1. Restart **trains-server** (see the [Restarting trains-server](#restart) FAQ).

## Troubleshooting

### How do I fix Docker upgrade errors? <a name="common-docker-upgrade-errors"></a>

To resolve the Docker error "... The container name "/trains-???" is already in use by ...", try removing deprecated images:

    docker rm -f $(docker ps -a -q)

### Why is web login authentication not working?

A port conflict between the **trains-server** MongoDB and / or Elastic instances, and other
instances running on your system may prevent web login authentication
from working correctly.

**trains-server** uses the following default ports which may be in conflict with other instances:

* MongoDB port `27017`
* Elastic port `9200`

You can check for port conflicts in the logs in `/opt/trains/log`.

If a port conflict occurs, change the MongoDB and / or Elastic ports in the `docker-compose.yml`,
and then run the Docker compose commands to restart the **trains-server** instance.

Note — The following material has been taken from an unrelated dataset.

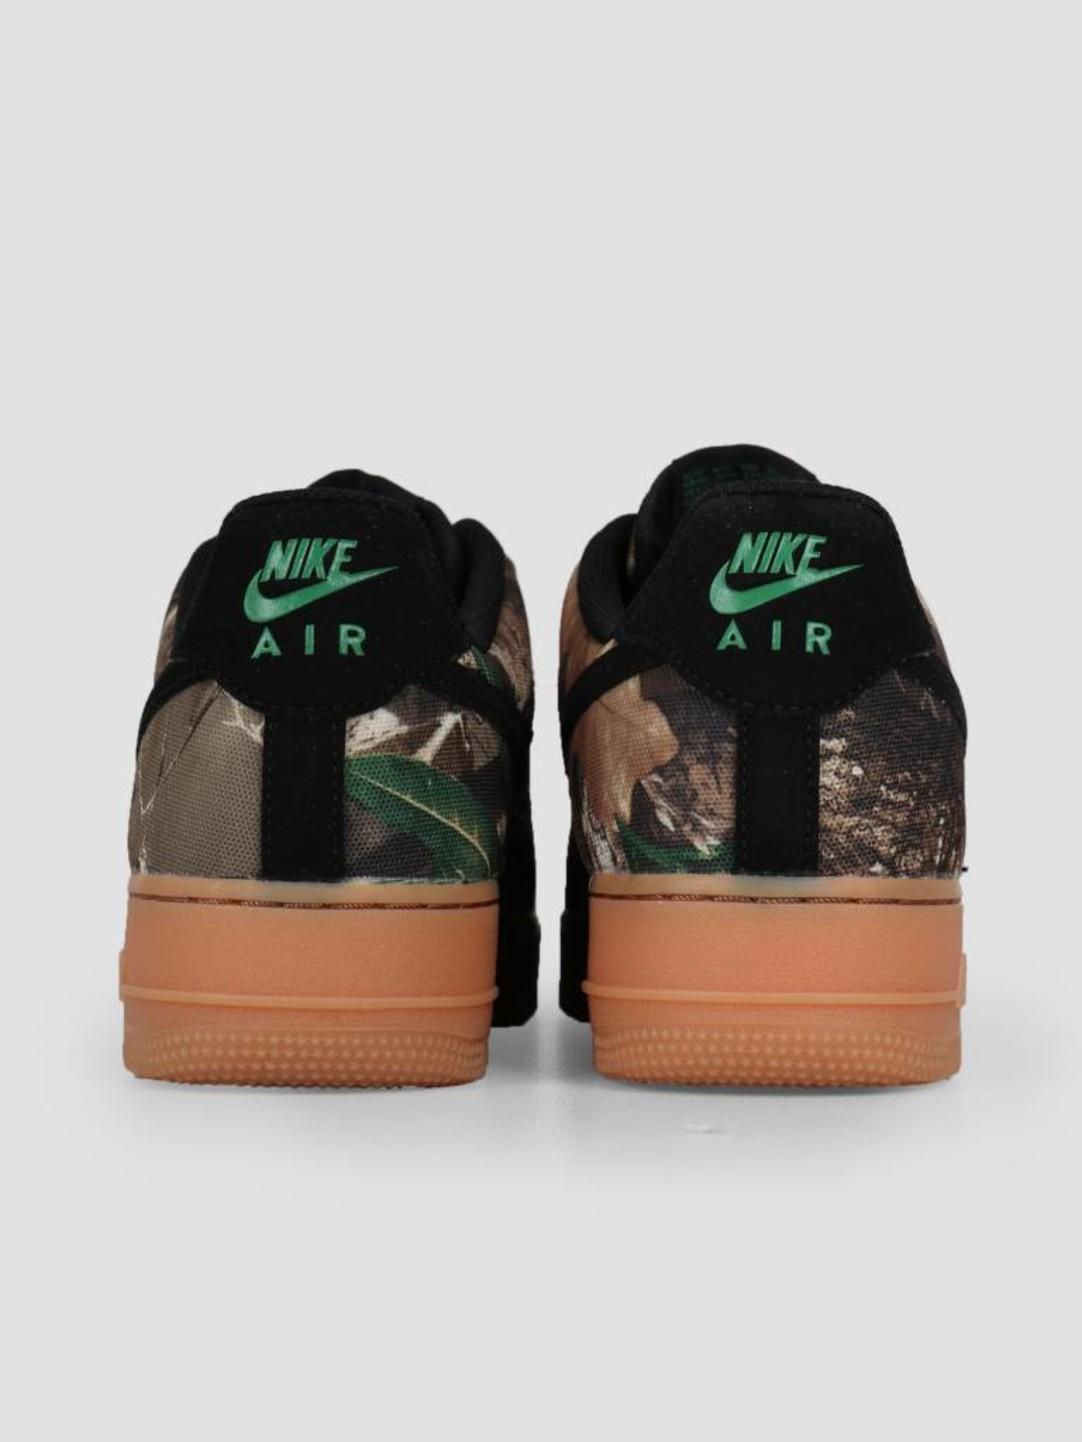 Nike Nike Air Force 1 '07 Lv8 3 Black Black-Aloe Verde-Gum Med Brown Ao2441-001

To change the MongoDB and / or Elastic ports for **trains-server**:

1. Edit the `docker-compose.yml` file.

1. In the `services/trainsserver/environment` section, add the following environment variable(s):

    * For MongoDB:

            MONGODB_SERVICE_PORT: <new-mongodb-port>

    * For Elastic:

            ELASTIC_SERVICE_PORT: <new-elasticsearch-port>

    For example:

        MONGODB_SERVICE_PORT: 27018
        ELASTIC_SERVICE_PORT: 9201

1. For MongoDB, in the `services/mongo/ports` section, expose the new MongoDB port:

        <new-mongodb-port>:27017

    For example:

        20718:27017

1. For Elastic, in the `services/elasticsearch/ports` section, expose the new Elastic port:

        <new-elsticsearch-port>:9200

    For example:

        9201:9200

2. Restart **trains-server** (see the [Restarting trains-server](#restart) FAQ).